▶ **DATA RECORDS**:

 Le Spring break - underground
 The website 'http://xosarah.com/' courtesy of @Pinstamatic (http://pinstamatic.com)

---

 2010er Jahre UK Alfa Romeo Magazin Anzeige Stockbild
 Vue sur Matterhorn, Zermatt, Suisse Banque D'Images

▶ **TASK PROMPT**:
Look through the entries above and quote exactly the lines from the line with "2010er Jahre UK" to the line with "Vue sur Matterhorn, Zermatt, Suisse", counting both of those lines.

▶ **TASK SOLUTION**:
 2010er Jahre UK Alfa Romeo Magazin Anzeige Stockbild
 Vue sur Matterhorn, Zermatt, Suisse Banque D'Images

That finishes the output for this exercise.